§ **Stored data**:
○ ○ ○ ○ ○

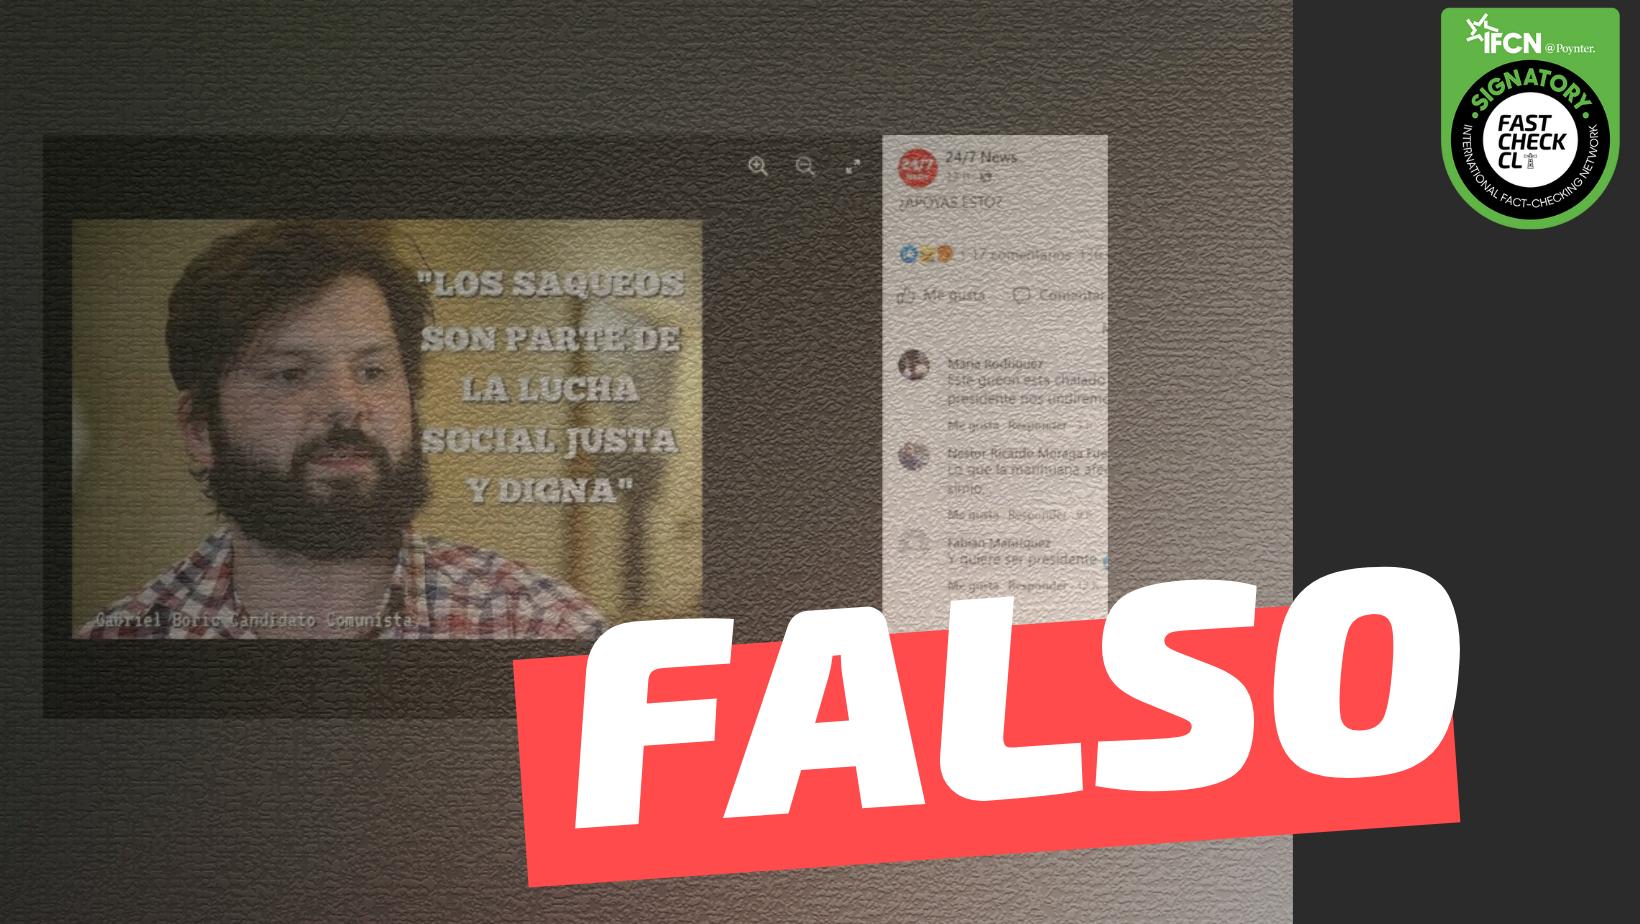 """Read more about the article Gabriel Boric: """"Los saqueos son parte de la lucha social justa y digna"""": #Falso"""
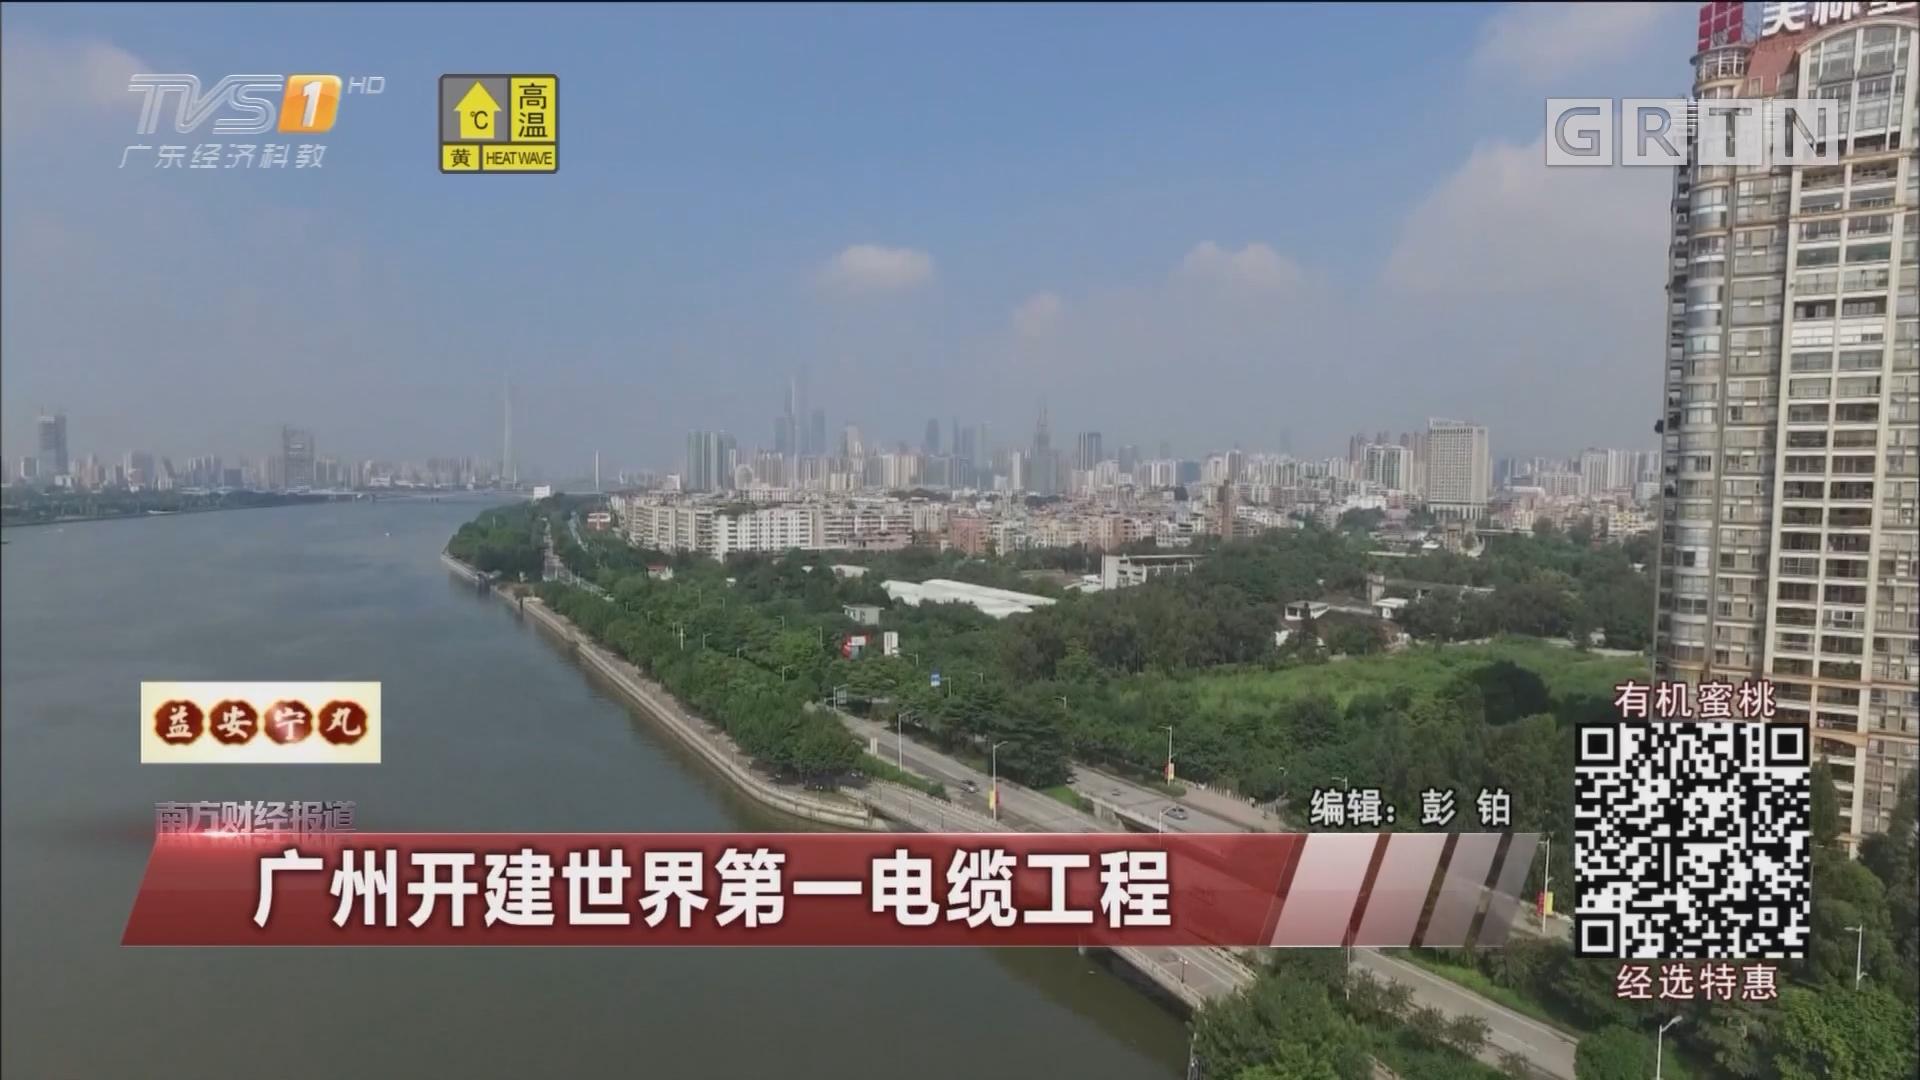 广州开建世界第一电缆工程
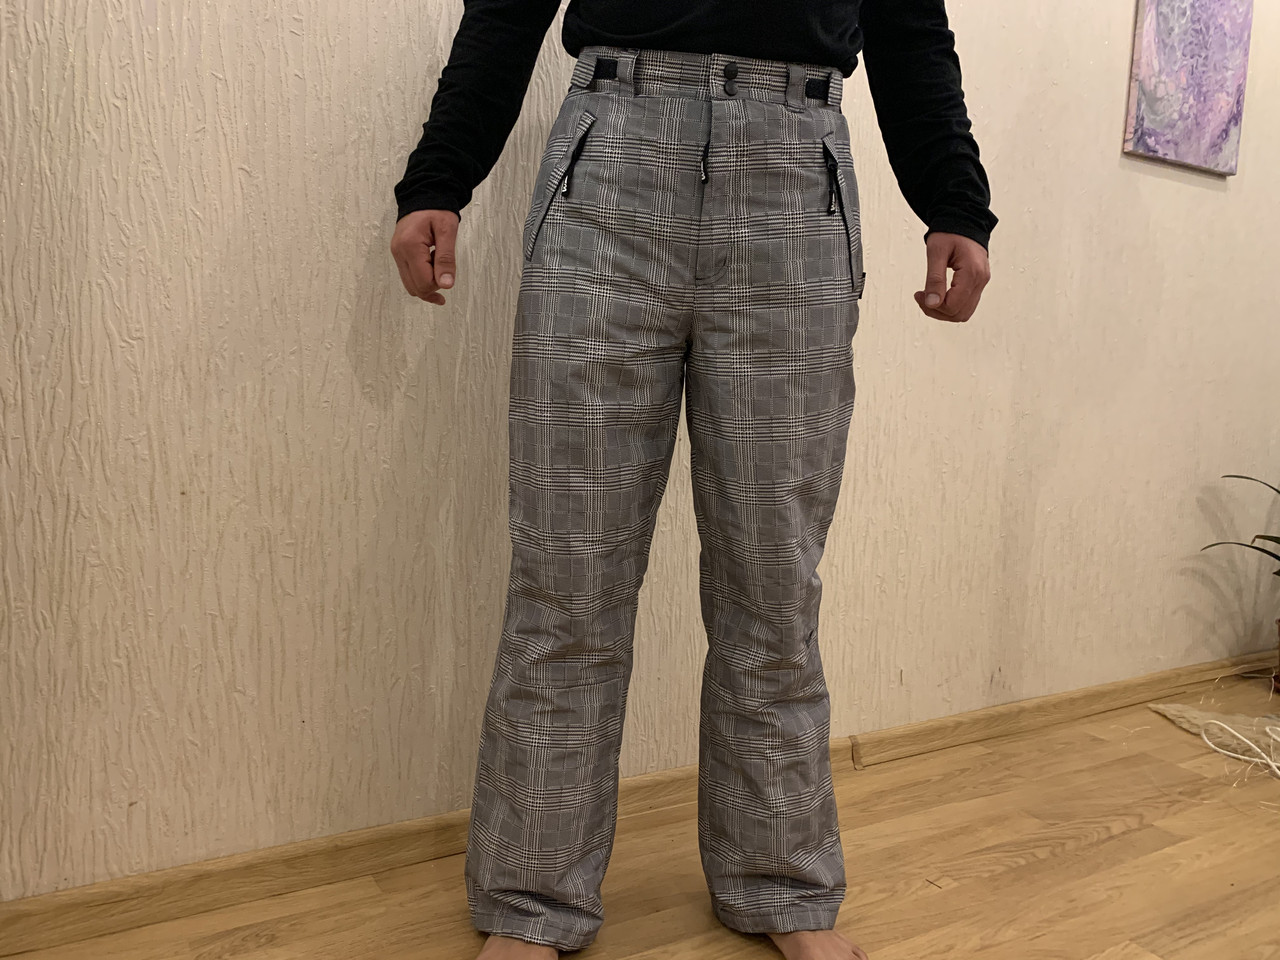 Сноуборд штаны в клетку горнолыжные тёплые штаны Thinsulate
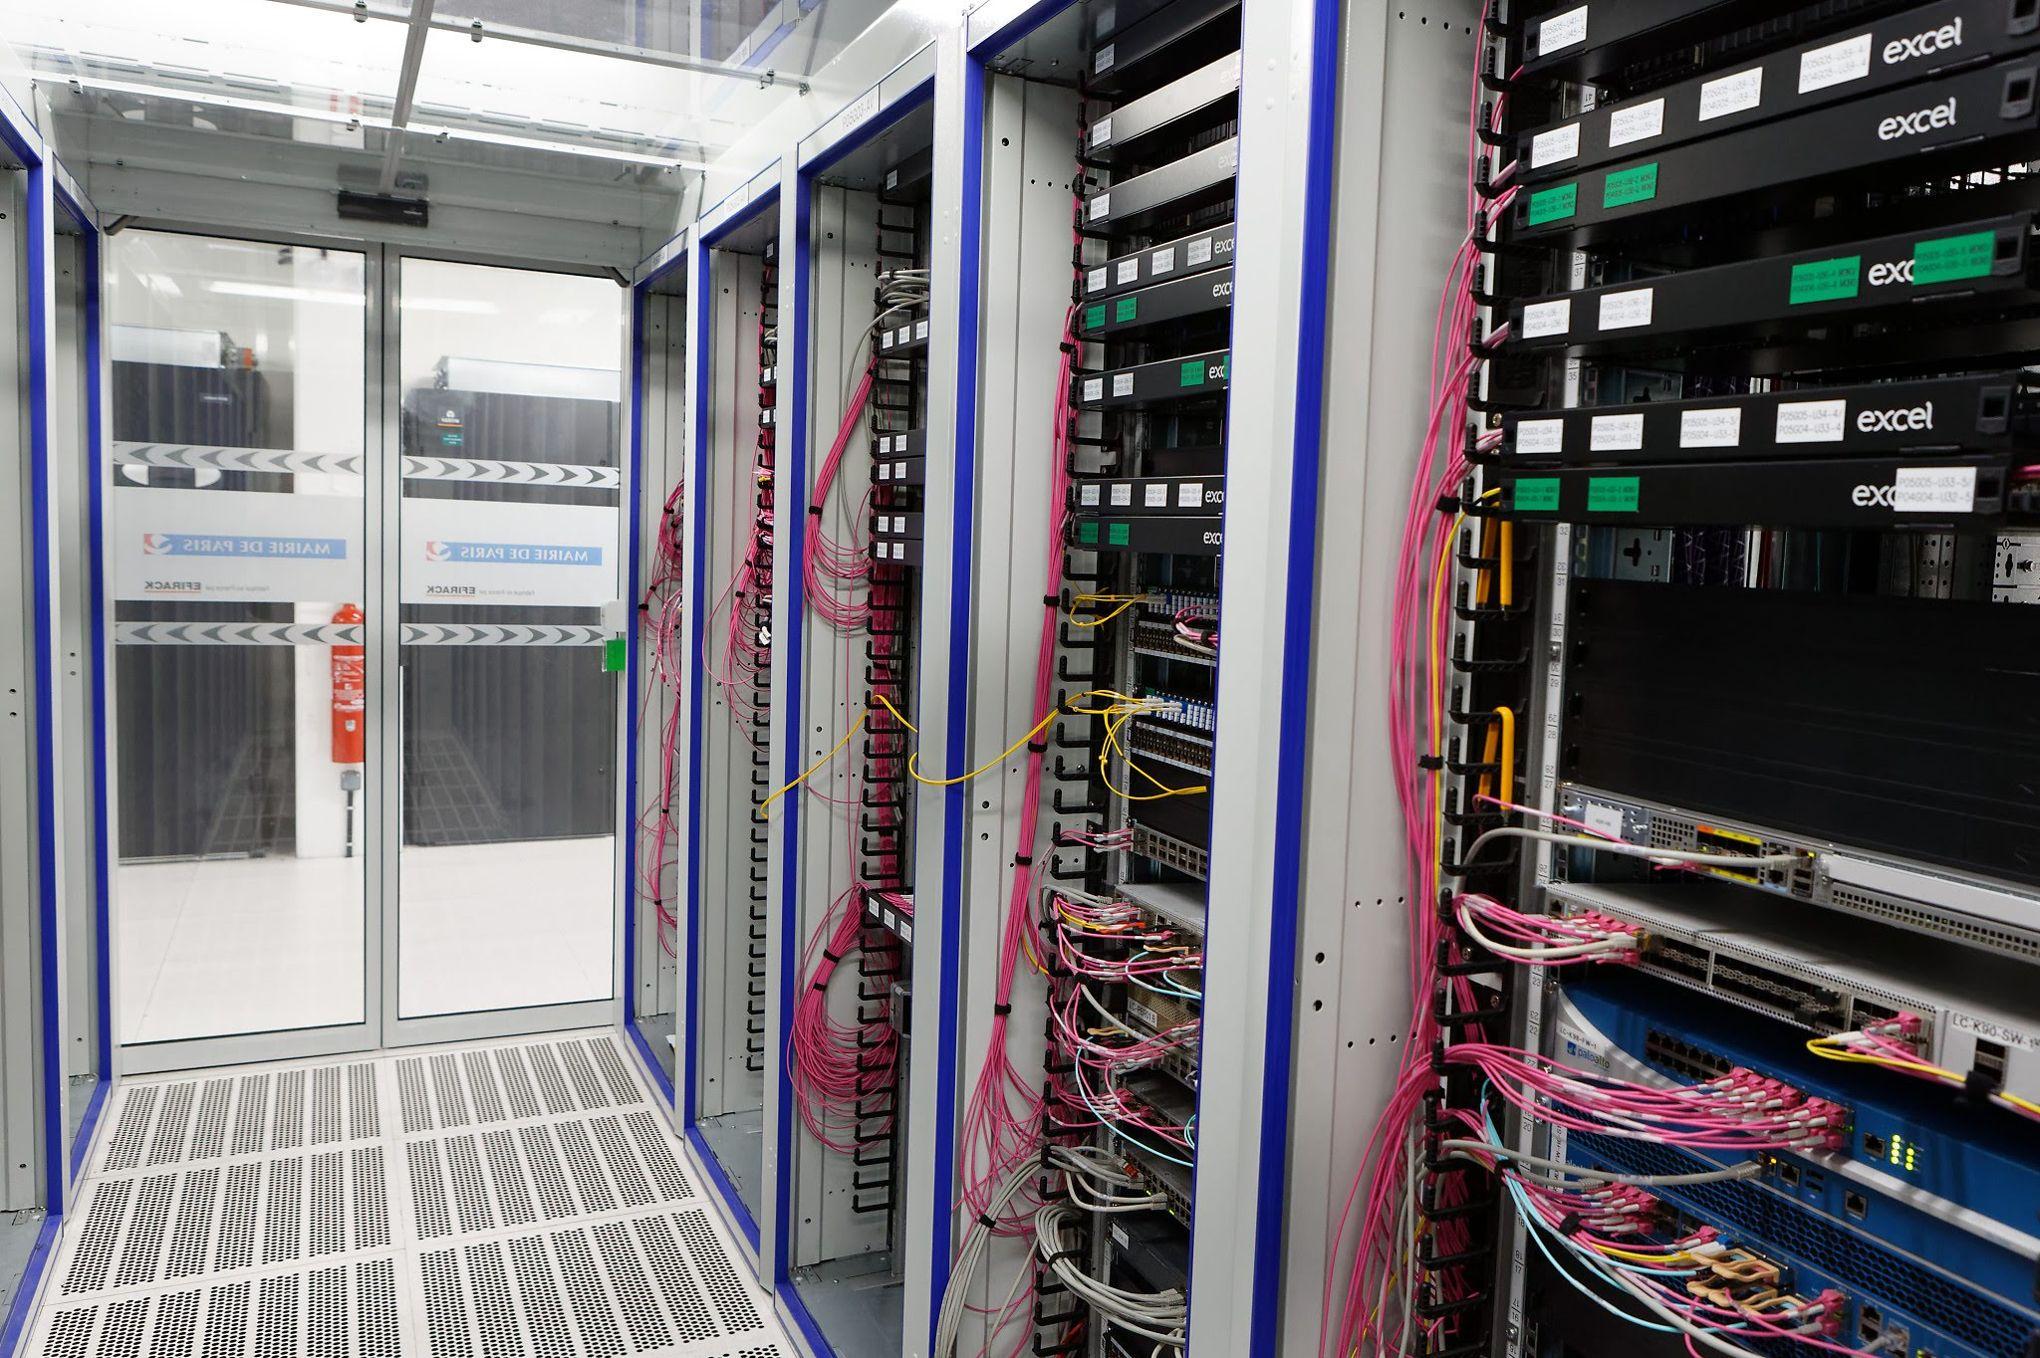 Paris reprend le contrôle des données personnelles de ses habitants

○ ○ ○ ○ ○

§ **What you will do**:
Copy out exactly the lines from the one with "广州开建世界第一电缆工程" through the end of the listing, both ends included, omitting any picture.

§ **Result below**:
 广州开建世界第一电缆工程
 Сноуборд штаны в клетку горнолыжные тёплые штаны Thinsulate
 Paris reprend le contrôle des données personnelles de ses habitants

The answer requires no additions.